Money matters
Lu mostly spends his day off each week watching movies on his PC. Photos by Zou Hong/China Daily |
One young manufacturing worker believes there has to be a better way of making a living, as Joseph Catanzaro and Cai Muyuan discover.
Lu Erfeng has just handed in his resignation. After almost four years of punching out chips for Apple gadgets on the manufacturing line at Foxconn in Shenzhen, the 21-year-old migrant worker from Henan province says he has had enough.
"I don't really like the job because I don't make enough money," he says.
It's the evening before payday, and Lu is sitting on his bed in the shoebox apartment he's been renting in Shenzhen for 450 yuan ($72) a month.

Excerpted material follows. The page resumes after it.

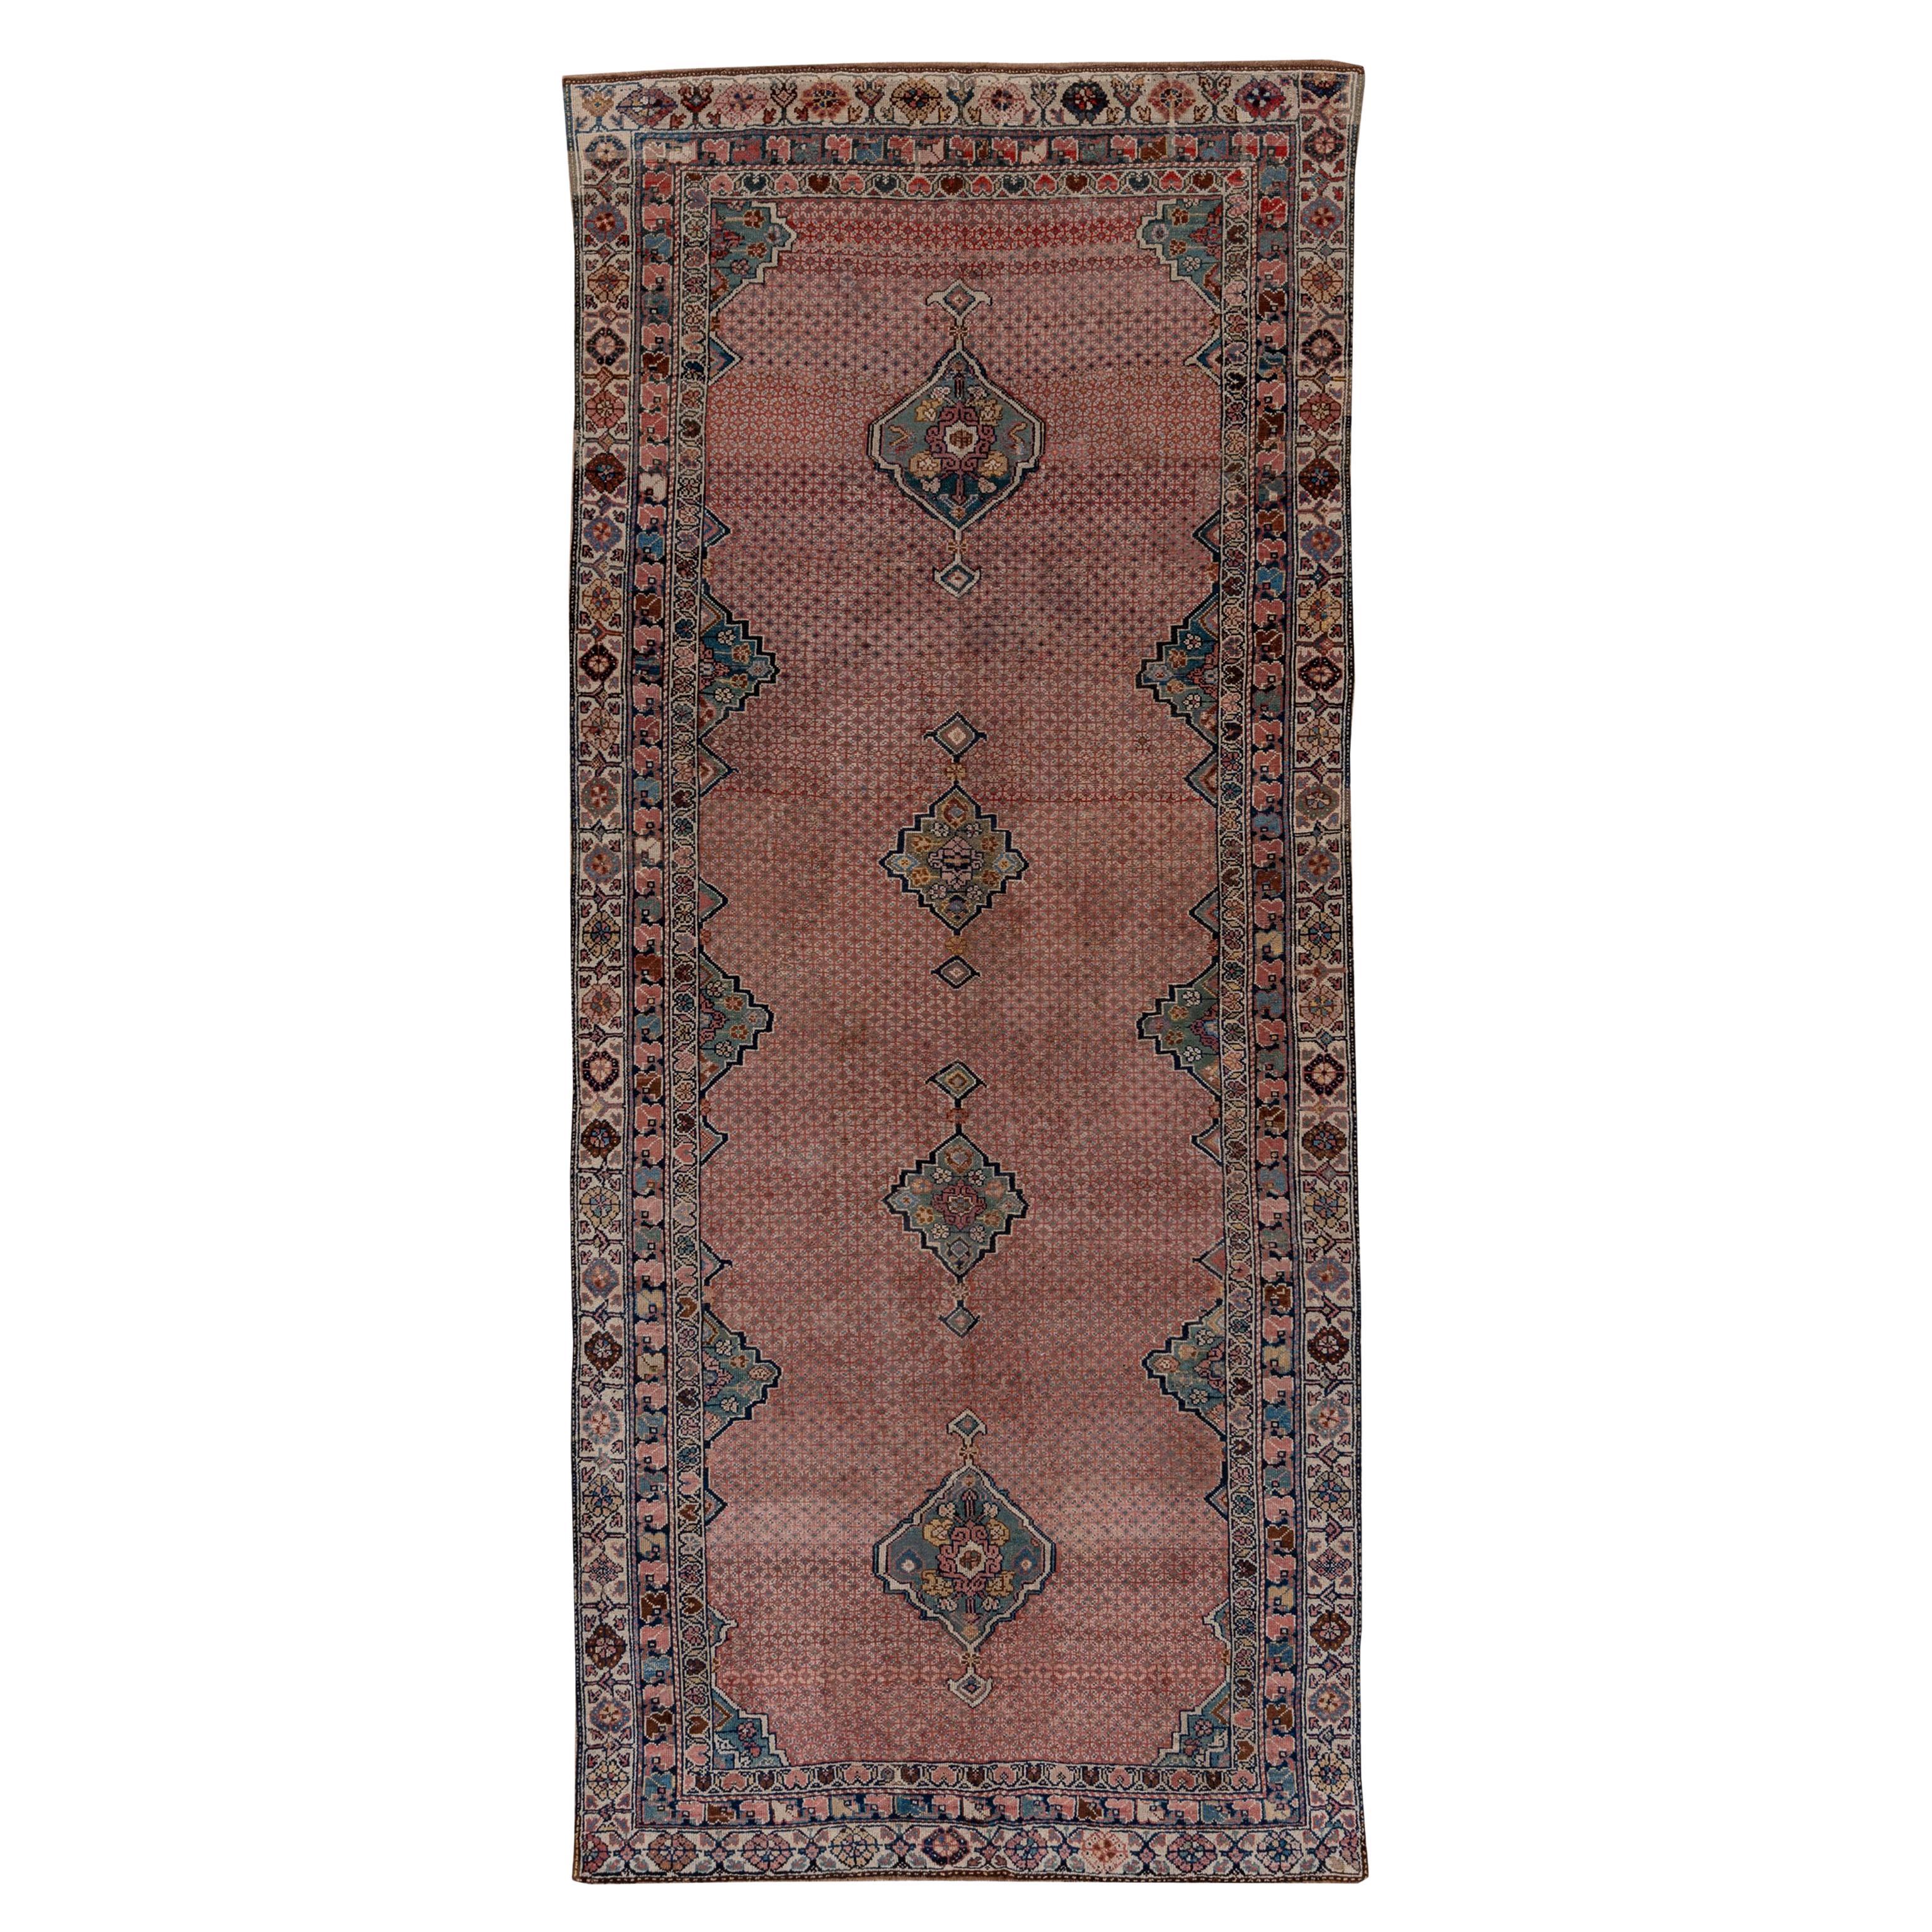 Antique Persian Malayer Gallery Rug, Blush Pink Field, circa 1910s For Sale

"I have only 1 yuan left until tomorrow," he complains.
Lu reckons he can find more interesting and engaging work elsewhere and get more money into the bargain.
Big, broad-shouldered and thoughtful, Lu speaks slowly, considering each word. He believes the management at Foxconn has the best intentions for their workers, but says not all policies survive implementation on the factory floor.
At the end of the day, he says, all he is doing is punching out 3,000 to 4,000 motherboards during each eight- to 10-hour shift, six days a week.
"The work is very boring. You can't talk to each other. You can't listen to music. If you do your boss will come and scold you. I think it's very depressing. My friends here (at Foxconn) think it's very depressing."